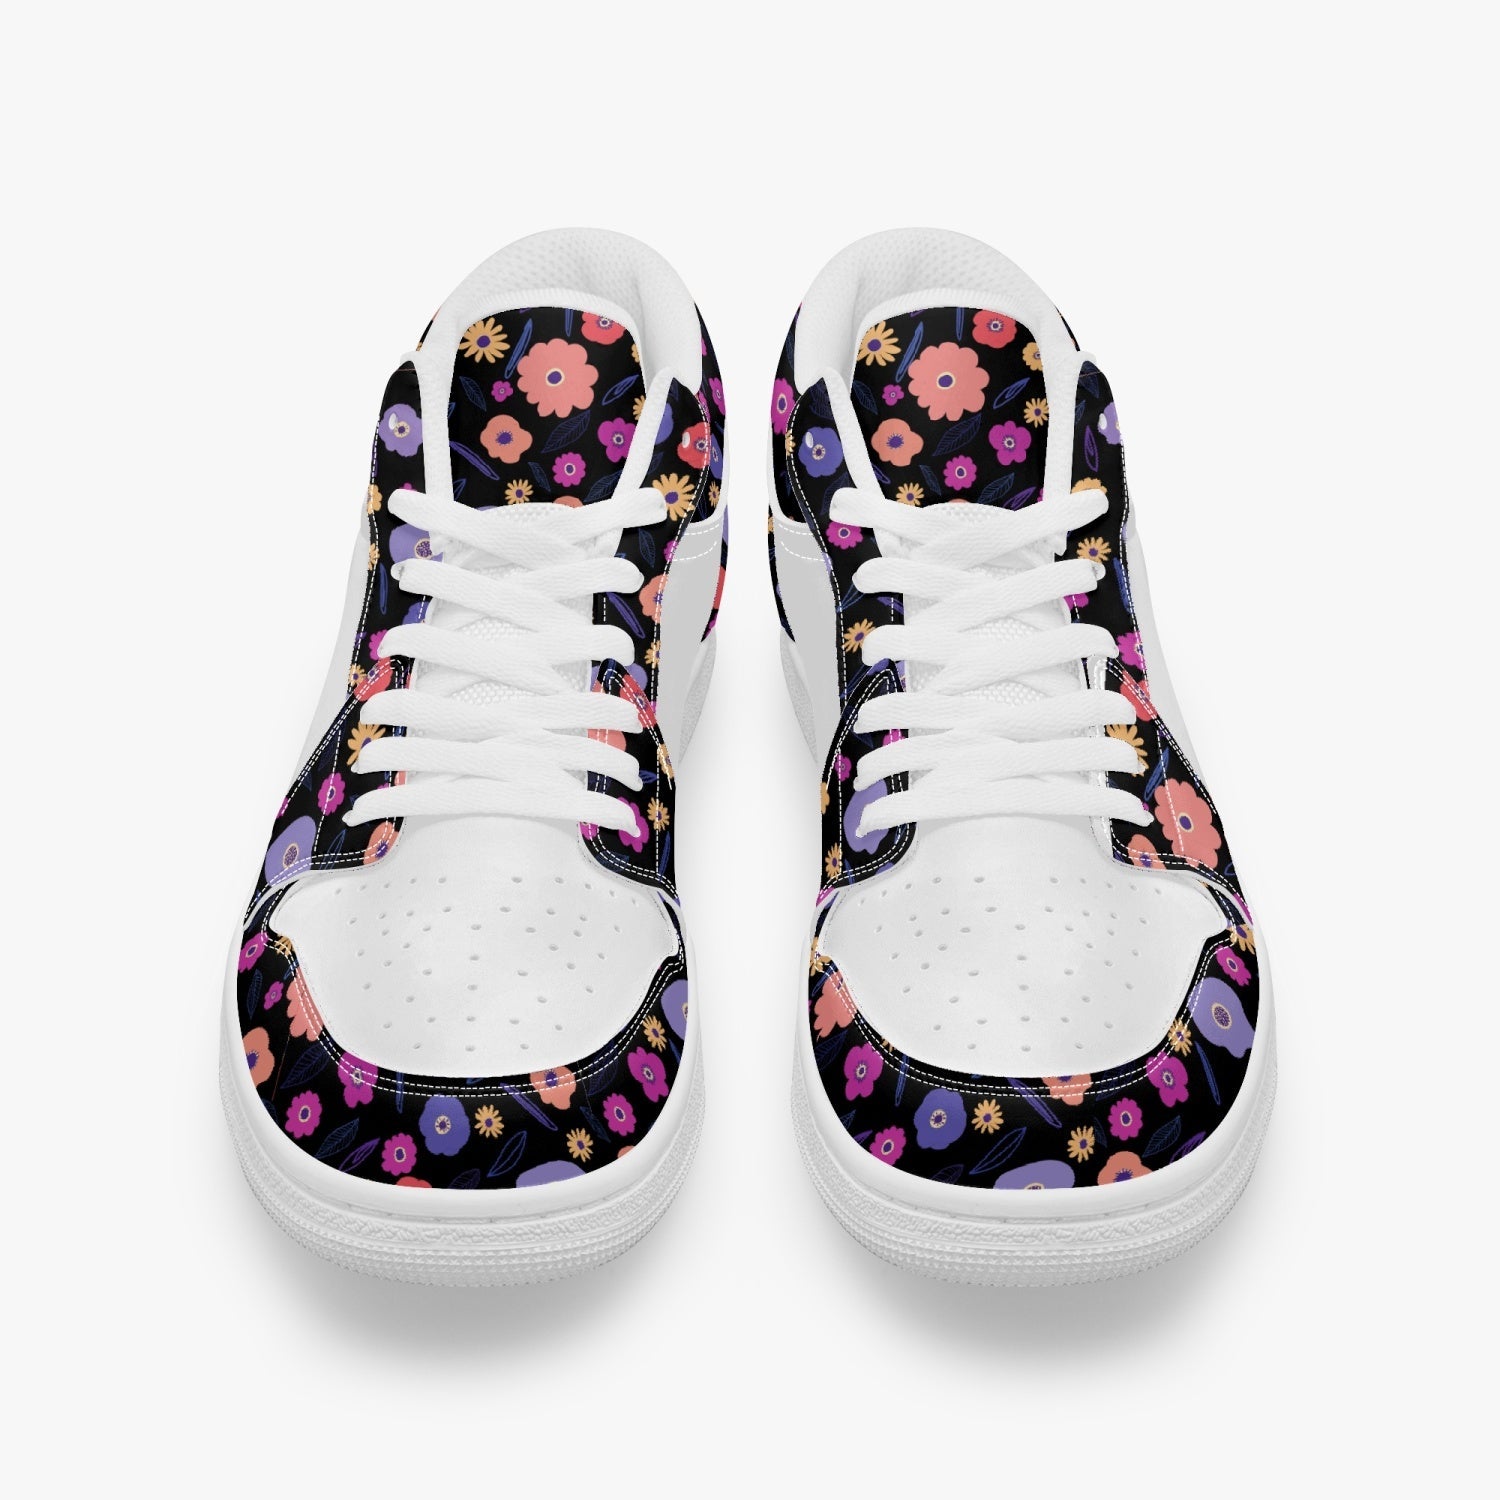 Keep Going Keep Growing Dark Floral Leather Low Top Sneakers - The Kindness Cause
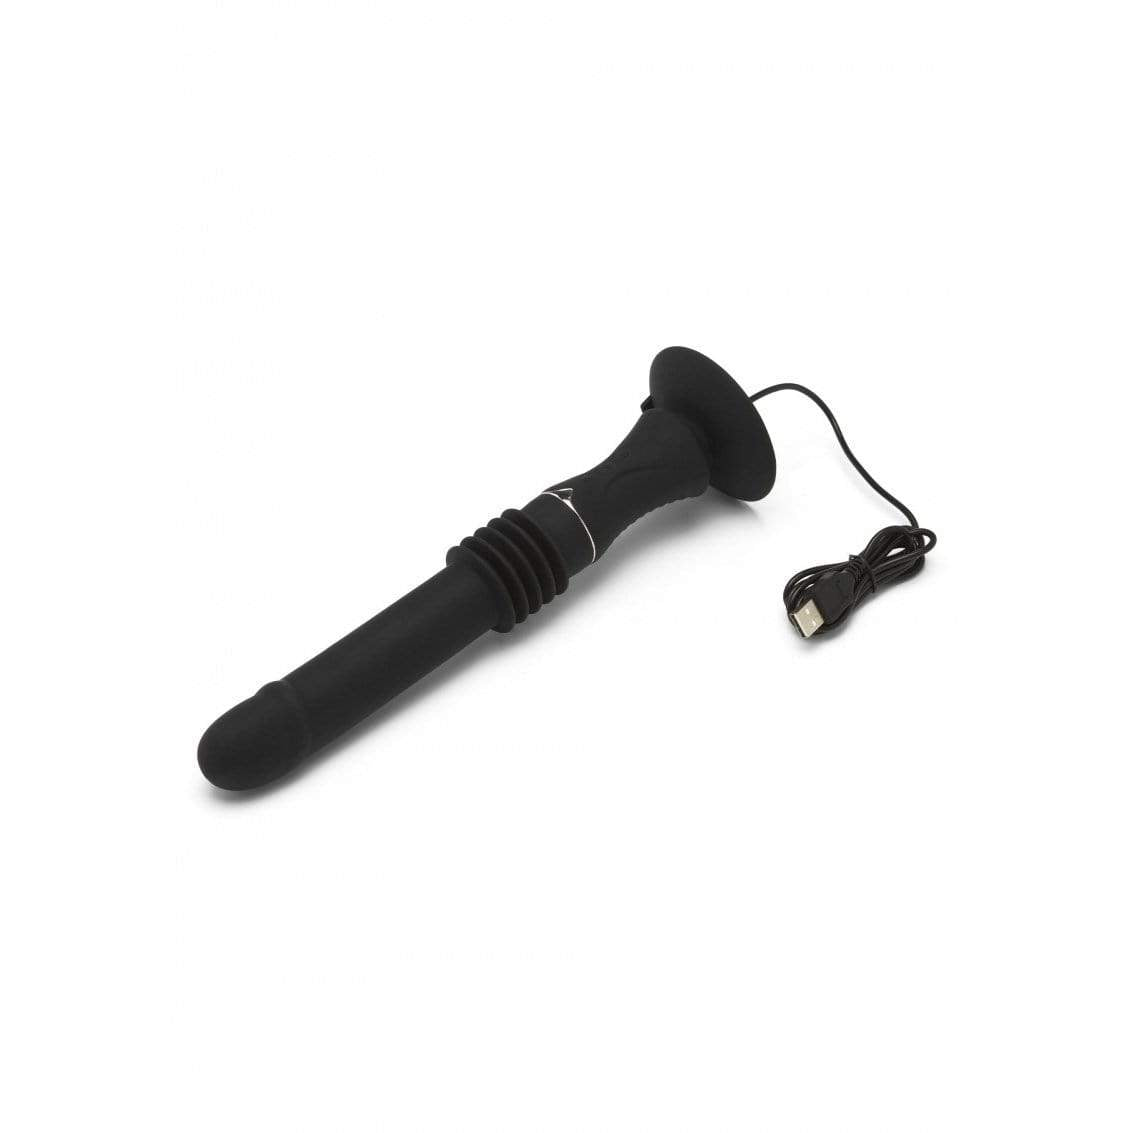 ToyJoy - Sexentials Majestic Thrusting Vibe Vibrator (Black) Non Realistic Dildo w/o suction cup (Vibration) Rechargeable 319991050 CherryAffairs
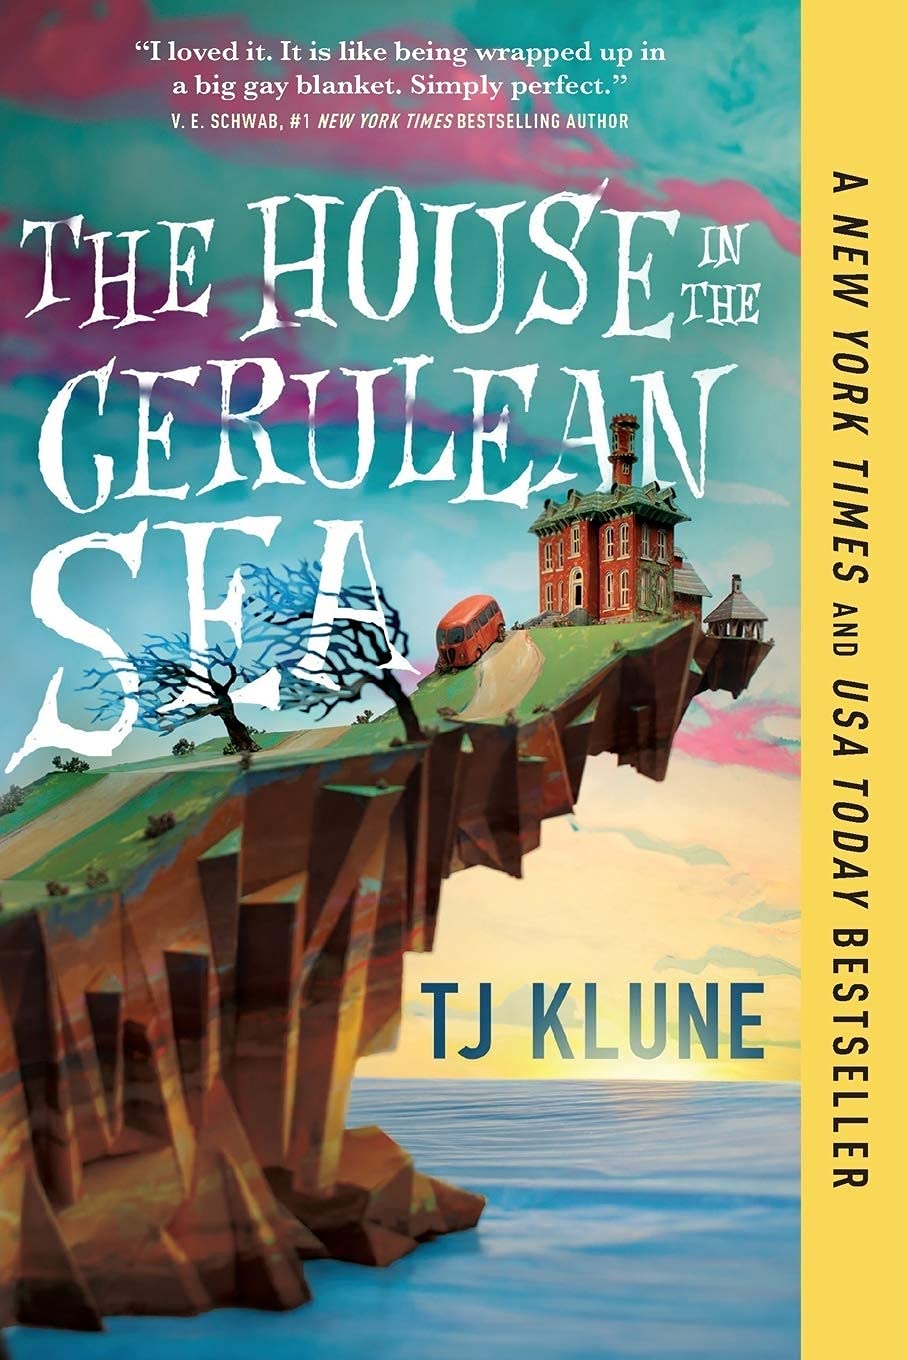 The House in the Cerulean Sea - Booksondemand

__Work instructions__. Please return the material above unchanged, with every picture removed.

__Answer box__.
 Keep Going Keep Growing Dark Floral Leather Low Top Sneakers - The Kindness Cause
 ToyJoy - Sexentials Majestic Thrusting Vibe Vibrator (Black) Non Realistic Dildo w/o suction cup (Vibration) Rechargeable 319991050 CherryAffairs
 The House in the Cerulean Sea - Booksondemand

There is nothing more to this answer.